A inexistência de punição (não se pode falar em brandura da punição. Não houve punição alguma, afinal) é uma metáfora do momento em que se encontra a carreira de Lewis Hamilton. Há dois anos, quando surgiu como estreante na McLaren, o inglês era nada mais do que uma sensação. Sem obrigação de vencer, tudo o que ele fez num carro de ponta foi acelerar. Hamilton, instantaneamente, tornou-se maior do que si mesmo. O fim de 2007, porém tratou de dar ao inglês um choque de realidade. Faltava estofo ao prodígio inglês, elevado pela mídia mundial a semi-Deus. Talvez Hamilton tenha acreditado mesmo que podia tudo. E por isso perdeu uma boa chance de se redimir em 2008, seu segundo ano na F-1, em que se esperava que Lewis não mais cometesse erros bobos de um estreante. Mas Hamilton continuou a cometê-los, por achar que é absoluto dentro de um carro. Por isso foi punido por ultrapassar usando atalhos em Magny-Cours e em Spa-Francorchamps. Ele, enfim, foi campeão ao final de 2008, mas hoje, depois de dois anos, Hamilton é uma figura que significa muito menos do que se esperava. Assim como a sua não-punição.

5 comentários:

Daniel Médici disse...

Outro dia estava assistindo um GP de Mõnaco, o de 78. Hunt se jogou no guard rail logo na largada. Na frente, ficaram um Tyrrel, uma Ferrari e uma Lotus.

O narrador emendou: "com a McLaren indo mal esse ano, paree que as disputas da ponta voltam a ficar restritas às equipes tradicionais".

Achei curioso, porque nunca tinha pensado na McLaren como uma equipe não tradicional.

Enfim, pra variar, concordo com o Ico sobre o assunto e não tinha mais nada a acrescentar.

Felipão disse...

Bom, se não puniram na ocasião da espionagem, com uma suspensão ou algo assim, imagine em um caso desses...

Marcos Antonio disse...

Sempre põem a mão na cabeça da McLaren,como a mãe complacente com o filho travesso. A F1 é assim mesmo,se fosse uma equipe nanica teriam sido varridos do mapa!

Ingryd disse...

Obrigada Fábio!!!!


e sobre o seu post, como eu já disse em outros blogs por aí hj, por mais hipócrita que tenha sido a decisão, acredito que tenha sido de certa forma o melhor para a categoria... por N motivos, um deles é grandississima participação da Mercedez\McLaren no esporte.



bjooos

Fábio Andrade disse...

Médici, pensar na McLaren como equipe não-grande é para mim um exercício de abstração.

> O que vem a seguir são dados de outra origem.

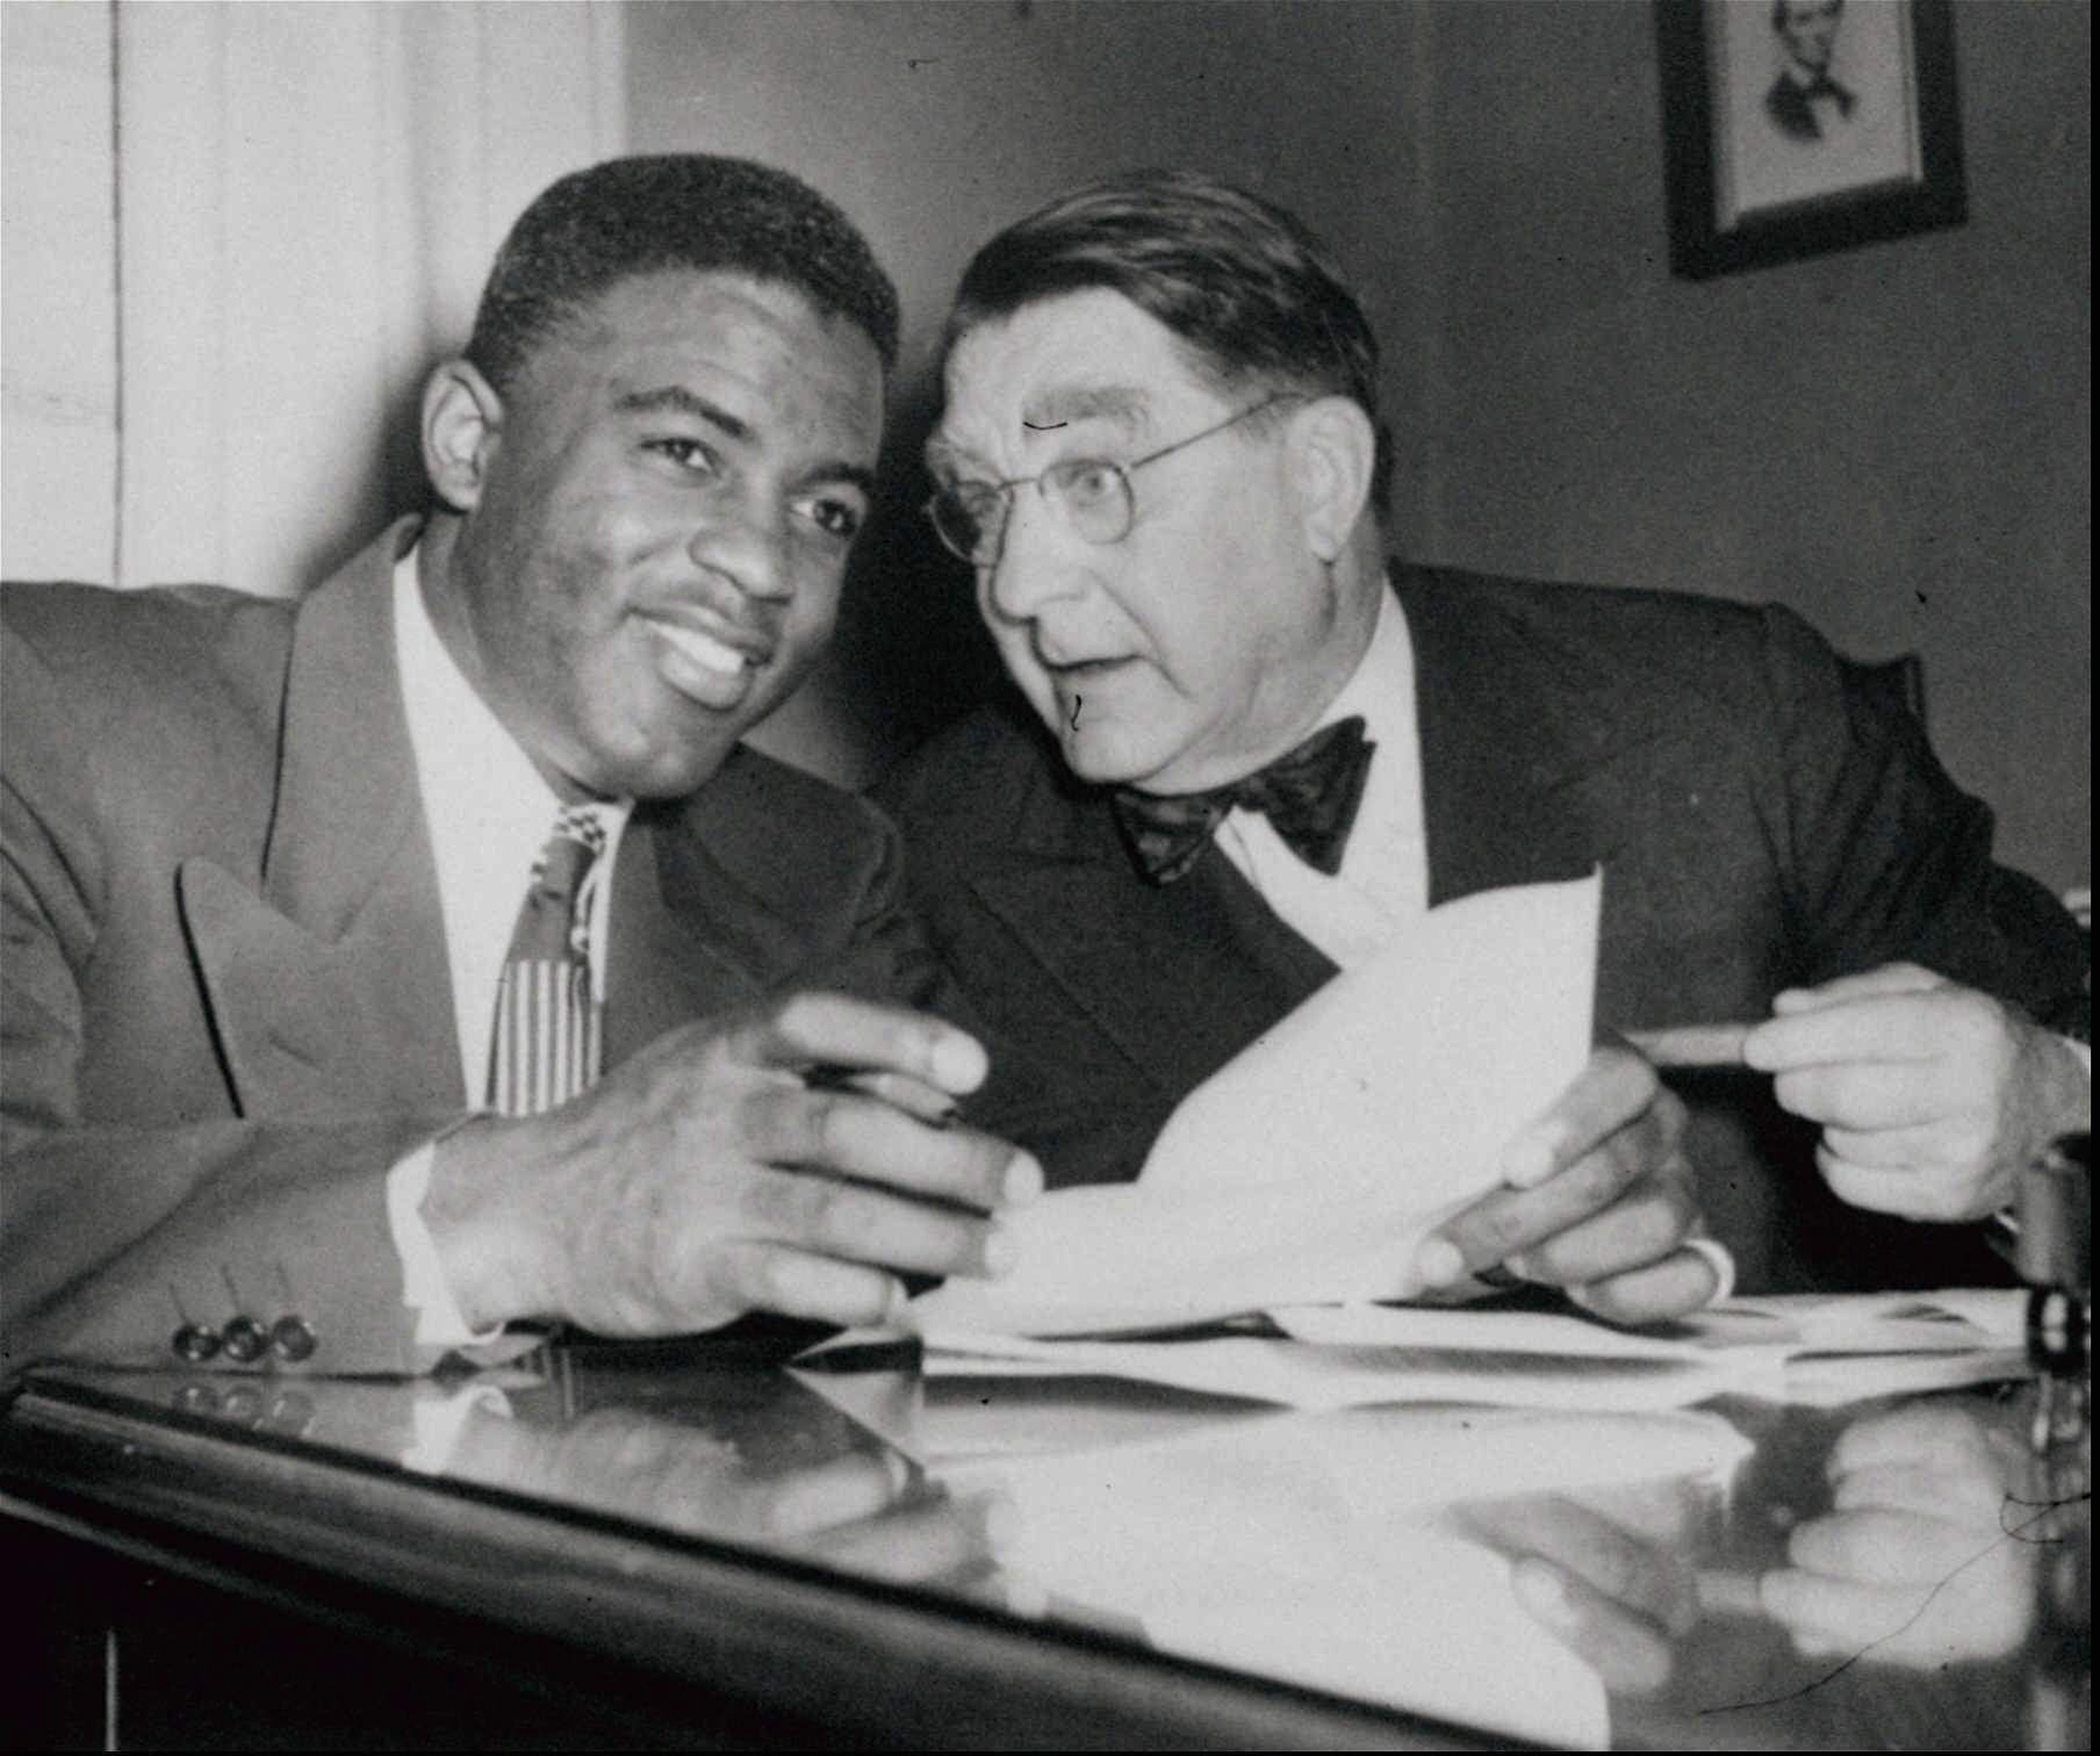 Negro Leagues Baseball Museum commemorates centennial – SportsLogos.Net News

E é isso, enfim, né, Felipão? Mas não sei, acho que é uma contradição muito grande não punir agora. O resultado de uma corrida foi posto em xeque de forma constrangedora. A politicagem se mostra mais forte do que o senso prático, de novo.

Concordo contigo, Marcão.

Concordo com você quando diz que a participação da Mercedes é importantíssima, Ingryd. Eu seria contra, por exemplo, a expulsão da McLaren do campeonato. Mas acho que um caso que interfere no resultado de uma prova justamente na era do Race Control merecia, ao menos, uma multa.

Mas a F-1 prova sua própria incoerência a cada julgamento desses.